= What you should do =
The whole listing, exactly as given: write it out, leaving out each image.

= Dataset excerpt =
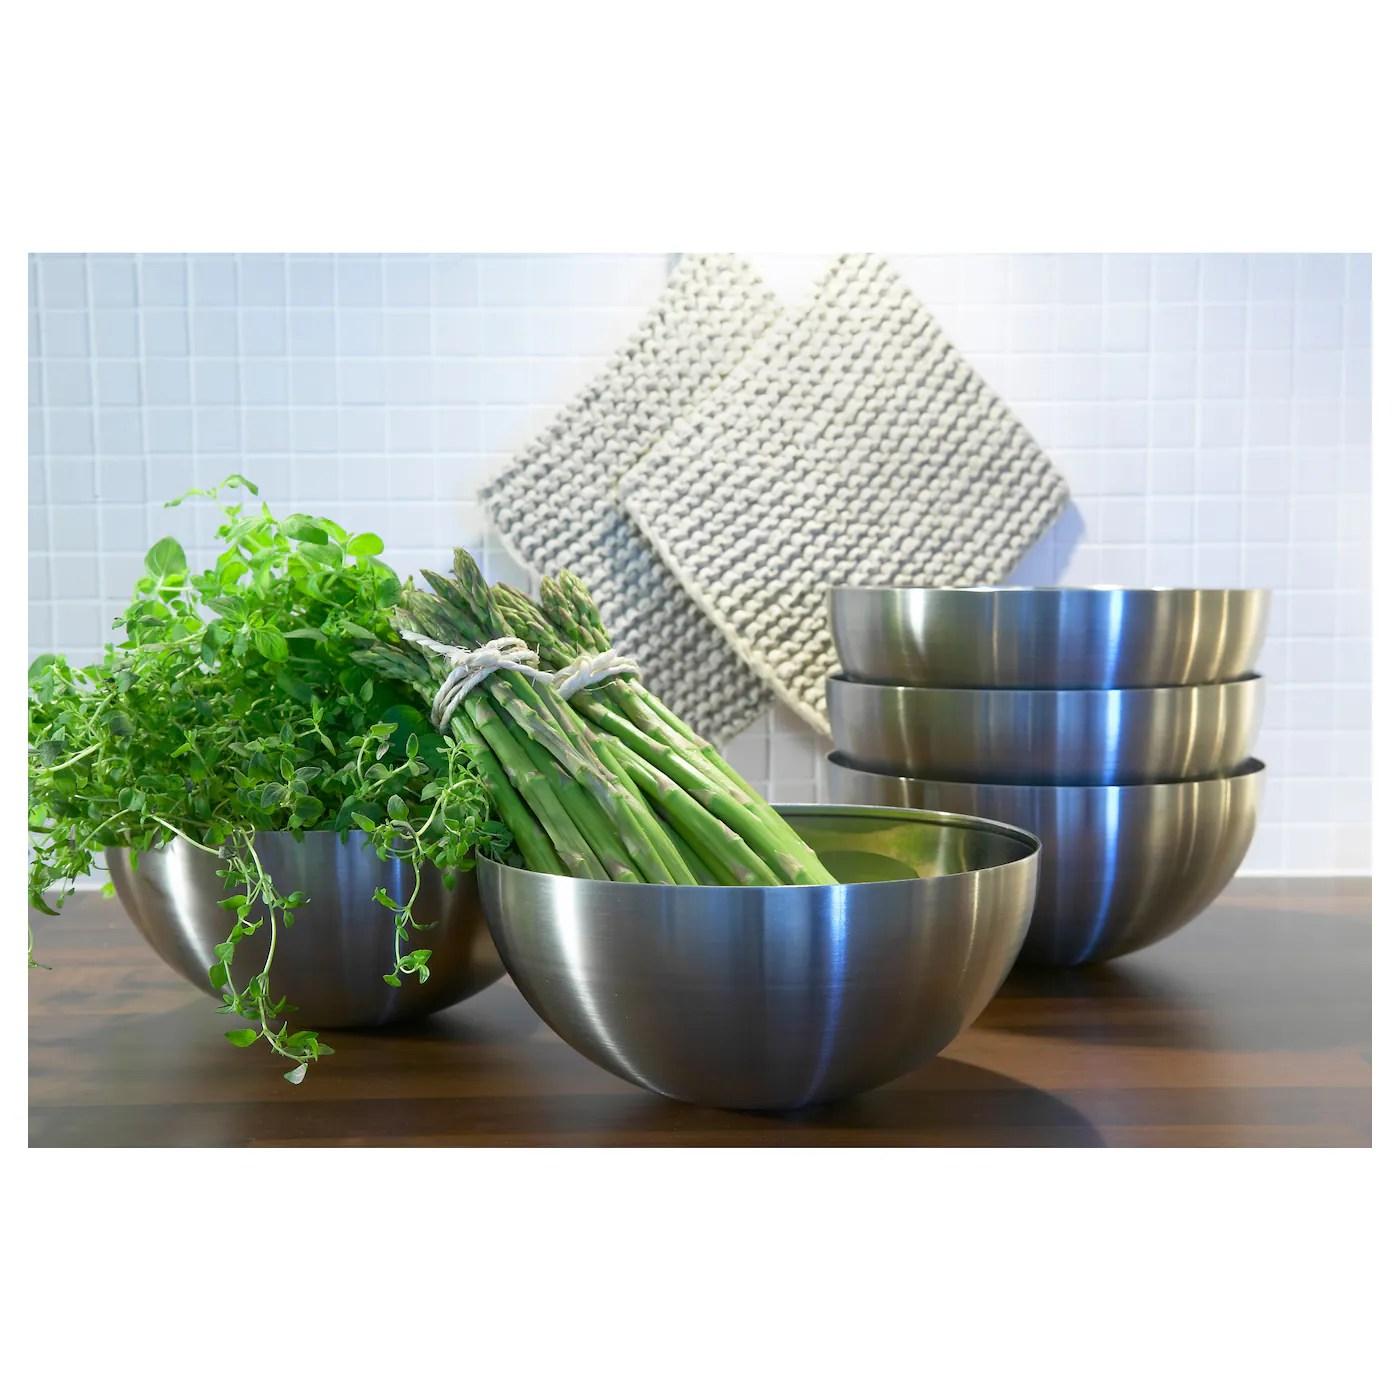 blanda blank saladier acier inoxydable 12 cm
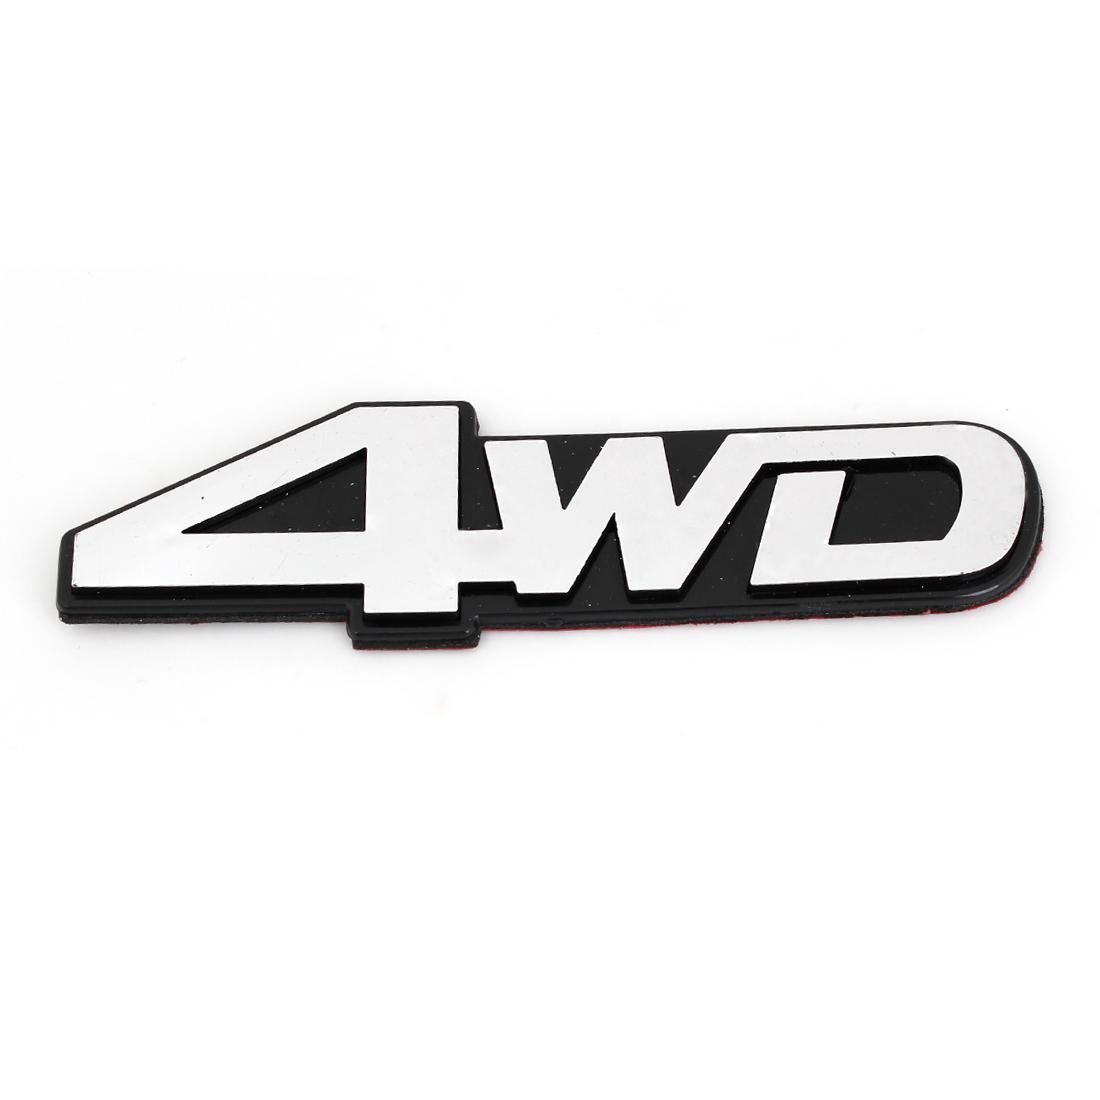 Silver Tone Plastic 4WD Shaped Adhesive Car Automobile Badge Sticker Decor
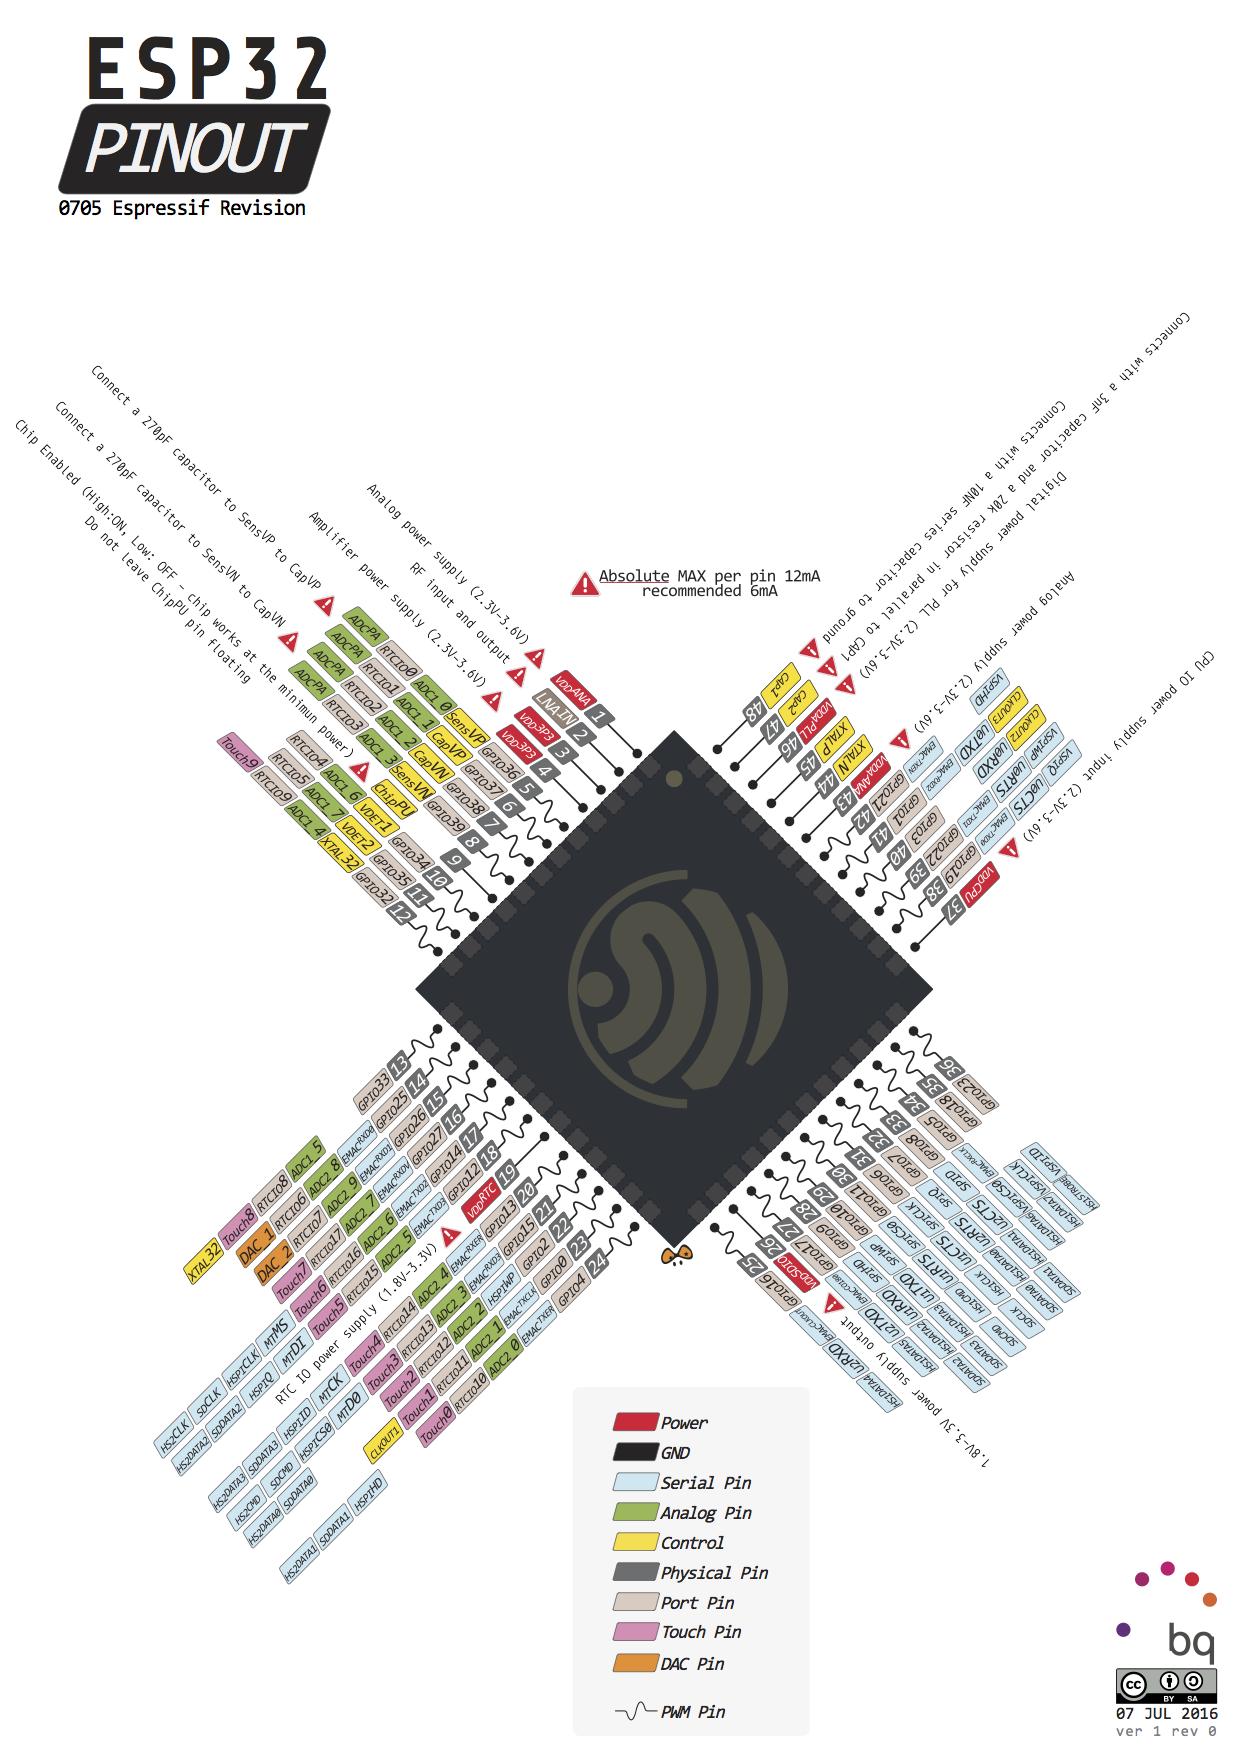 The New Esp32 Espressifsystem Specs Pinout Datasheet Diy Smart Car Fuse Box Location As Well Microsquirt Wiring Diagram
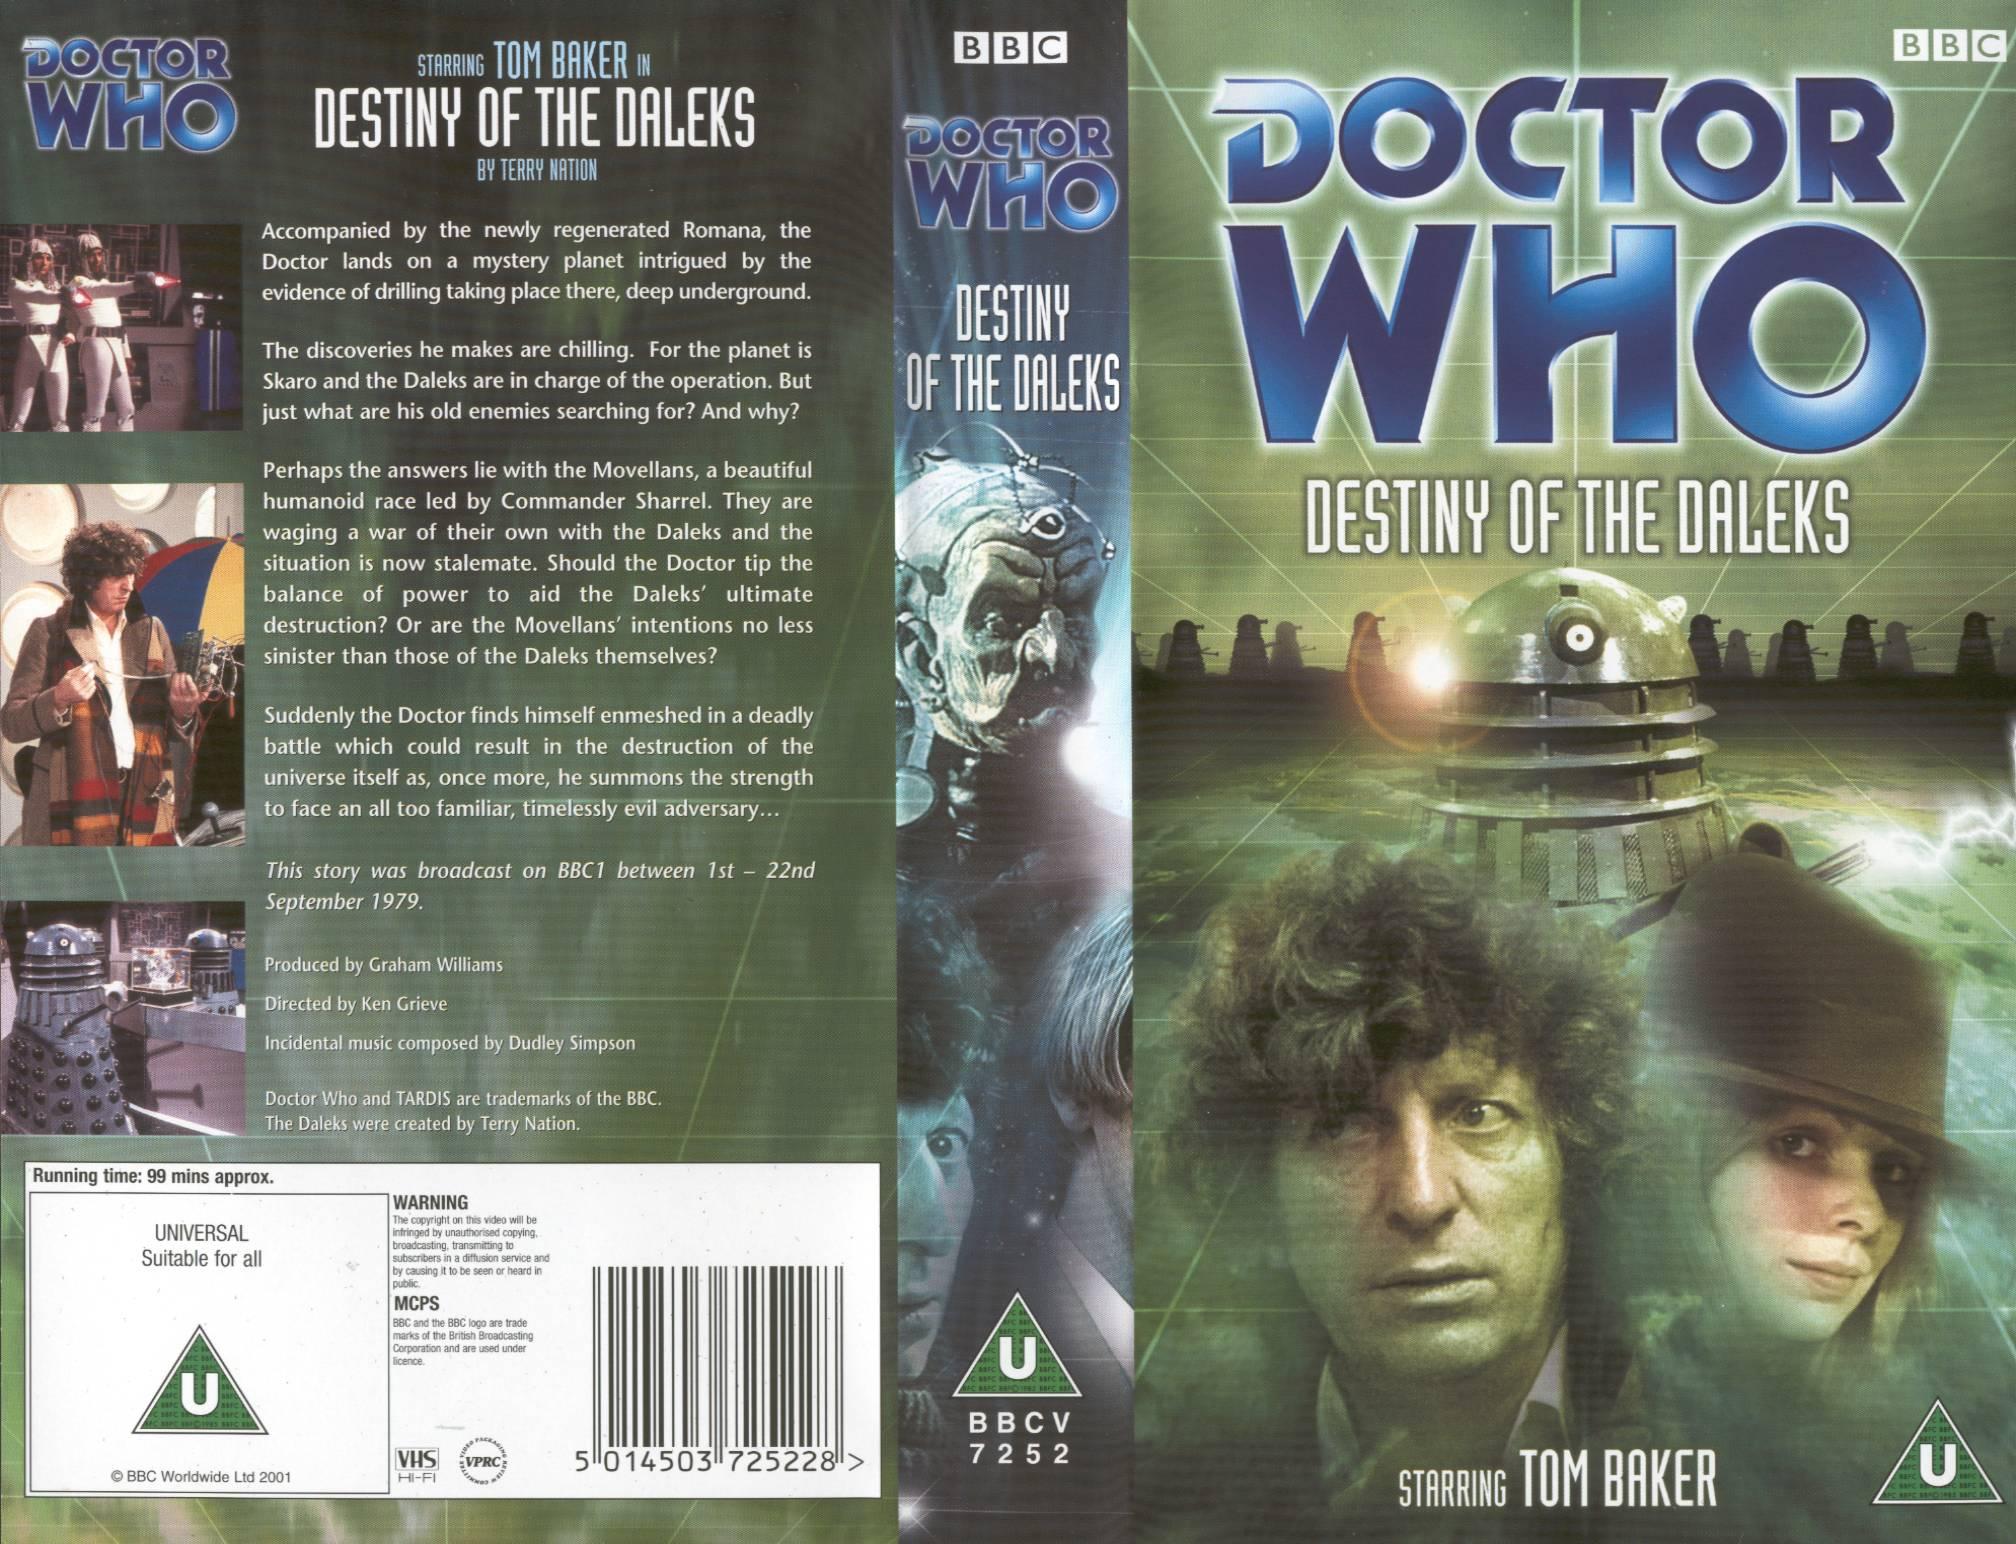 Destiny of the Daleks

= Exercise response =
 blanda blank saladier acier inoxydable 12 cm
 Silver Tone Plastic 4WD Shaped Adhesive Car Automobile Badge Sticker Decor
 The New Esp32 Espressifsystem Specs Pinout Datasheet Diy Smart Car Fuse Box Location As Well Microsquirt Wiring Diagram
 Destiny of the Daleks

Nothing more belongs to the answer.